Published 7 July 2001

From Rioch Edwards-Brown, The Five Percenters

Jennian Geddes’s study on shaken baby syndrome (16 June, p 4) is an important breakthrough for families wrongly accused of shaking, whom our organisation represents.

Imaging techniques and clinical investigations cannot distinguish with certainty between accidental and inflicted injury. And deciding on the cause of death is even more difficult when, as sometimes happens, a parent admits shaking their baby in an attempt to revive it.

We call ourselves The Five Percenters because some doctors say that shaken baby syndrome is the correct diagnosis in 95 per cent of cases, but not in the other 5 per cent.

Our organisation gives information and advice to families who say they have been wrongly accused of shaken baby syndrome. We have collected data on 115 families in Britain and 43 in the US, and work with legal teams and other health professionals involved in investigations of alleged SBS.
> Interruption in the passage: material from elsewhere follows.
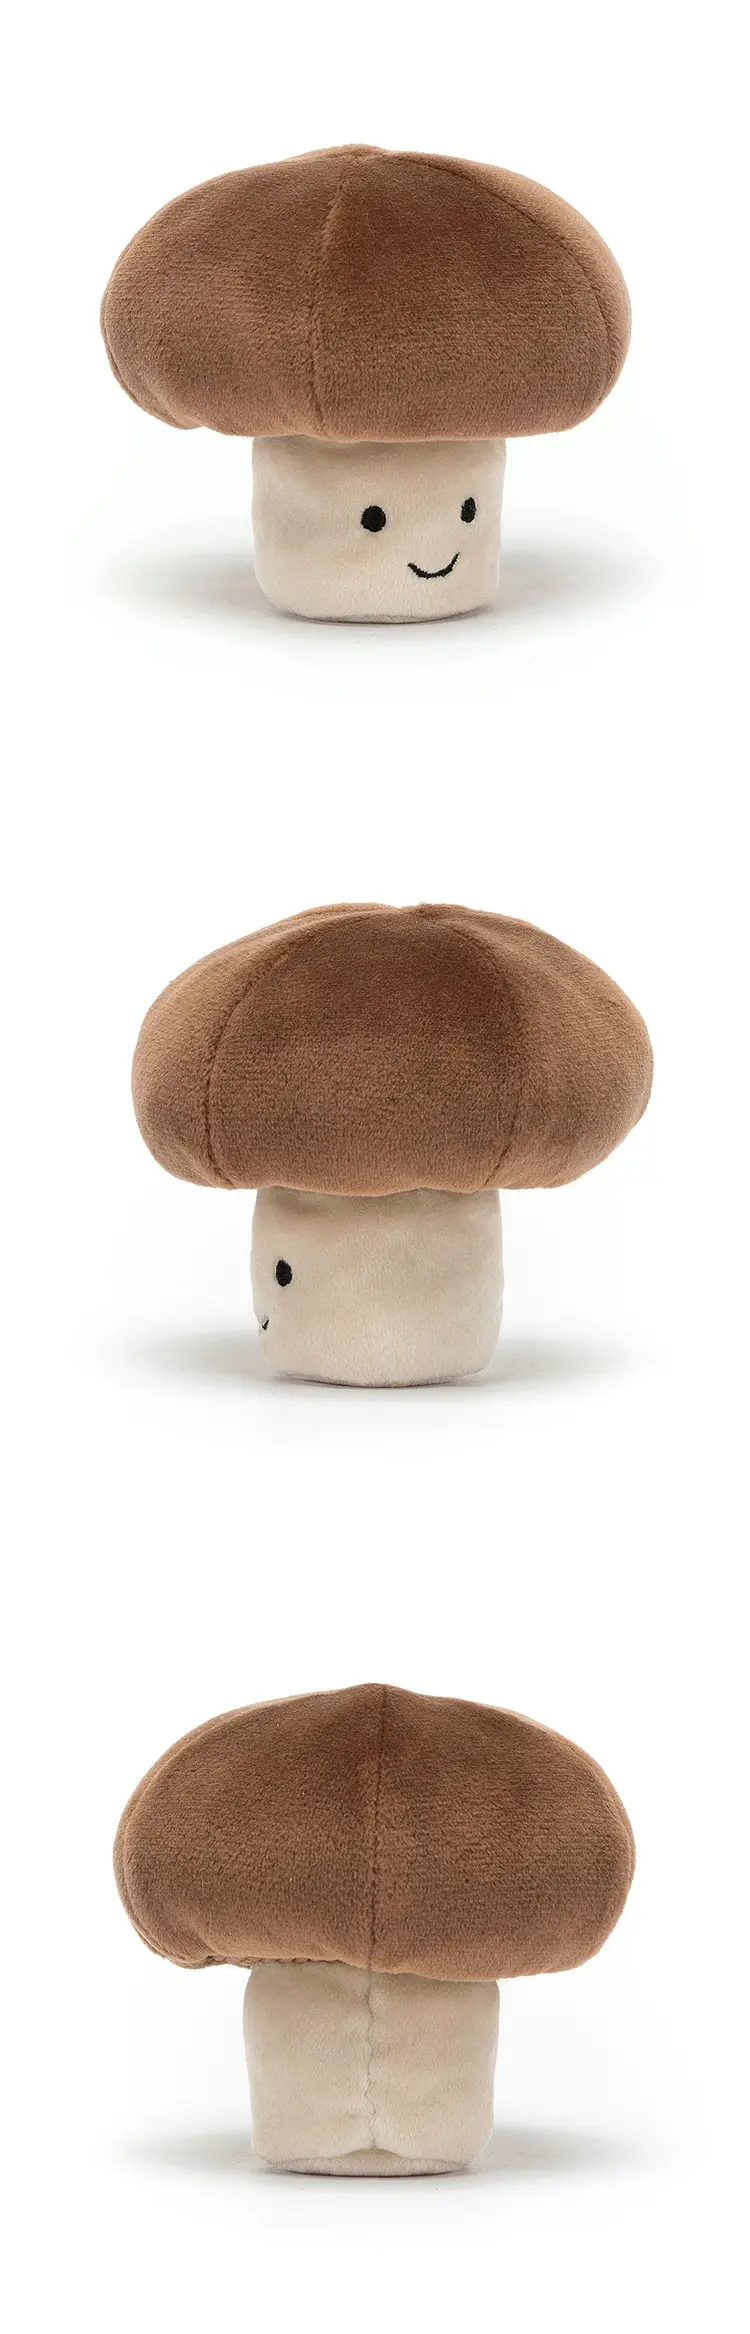  JellyCat Vegetable Mushroom 蘑菇公仔

We have also been contacted by doctors who say they have been pressured into diagnosing SBS when they felt that the cause was something else. We are now looking for funding to collate our data and help change the way SBS is diagnosed.

During our research we have found several other possible causes of the injuries commonly associated with SBS. These include non-malicious shaking, undiagnosed birth trauma, infection, accident, bone, blood and metabolic disorders, cot death and undiagnosed vaccine damage.

Shaken baby syndrome remains a poorly researched condition that embraces a range of symptoms, and the interpretation of those symptoms sets parents against doctors with appalling consequences for all concerned.